Pipeline Utilities
Meta-extractors for combining, selecting, and orchestrating extraction strategies.
Pipeline Utilities
Overview
Pipeline utility extractors don’t extract text themselves. Instead, they coordinate other extractors to:
Try multiple extractors and select the best result
Override extraction for specific items
Chain extractors sequentially
Implement fallback strategies
Route items to different extractors
Available Extractors
Selection Extractors
select-text
Selects the first successful extractor from a list.
Use case: Fallback chain (try extractor A, fall back to B, then C)
extractor_id: select-text
config:
extractors:
- pdf-text
- ocr-rapidocr
- markitdown
select-longest-text
Runs all extractors and selects the longest output.

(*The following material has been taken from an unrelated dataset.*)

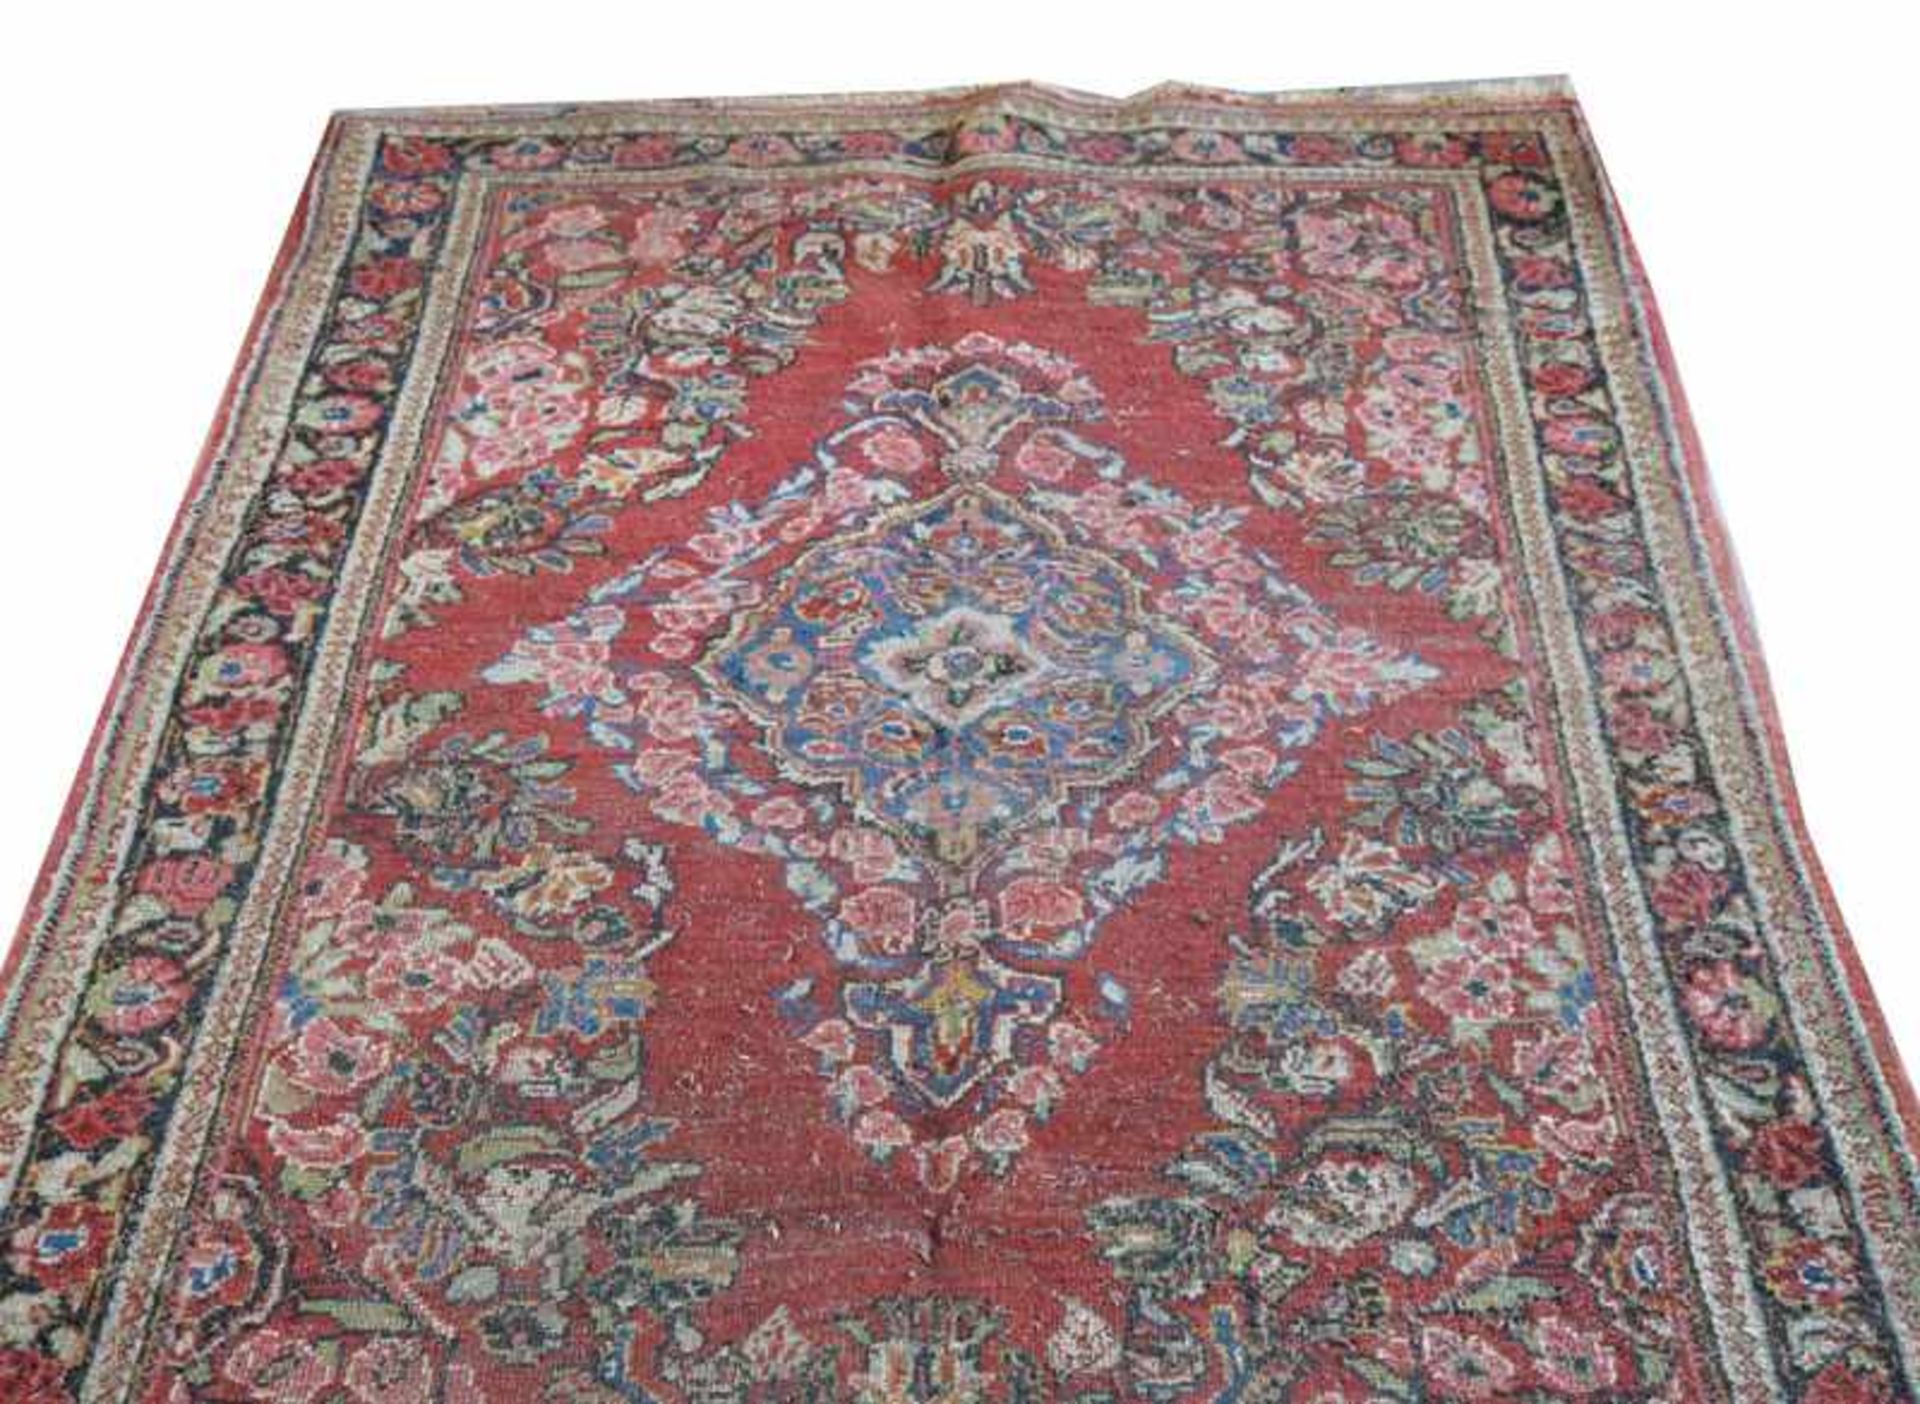 Teppich, Sarough, rot/bunt, 200 cm x 134 cm, starke Gebrauchsspuren

Use case: Maximize extracted content when multiple strategies work
extractor_id: select-longest-text
config:
extractors:
- pdf-text
- markitdown
- unstructured
Override Extractors
select-override
Overrides extraction for specific items by ID.
Use case: Manual overrides for problematic documents
extractor_id: select-override
config:
default_extractor: pdf-text
overrides:
- item_id: abc123
extractor: ocr-rapidocr
select-smart-override
Routes items to different extractors based on media type patterns.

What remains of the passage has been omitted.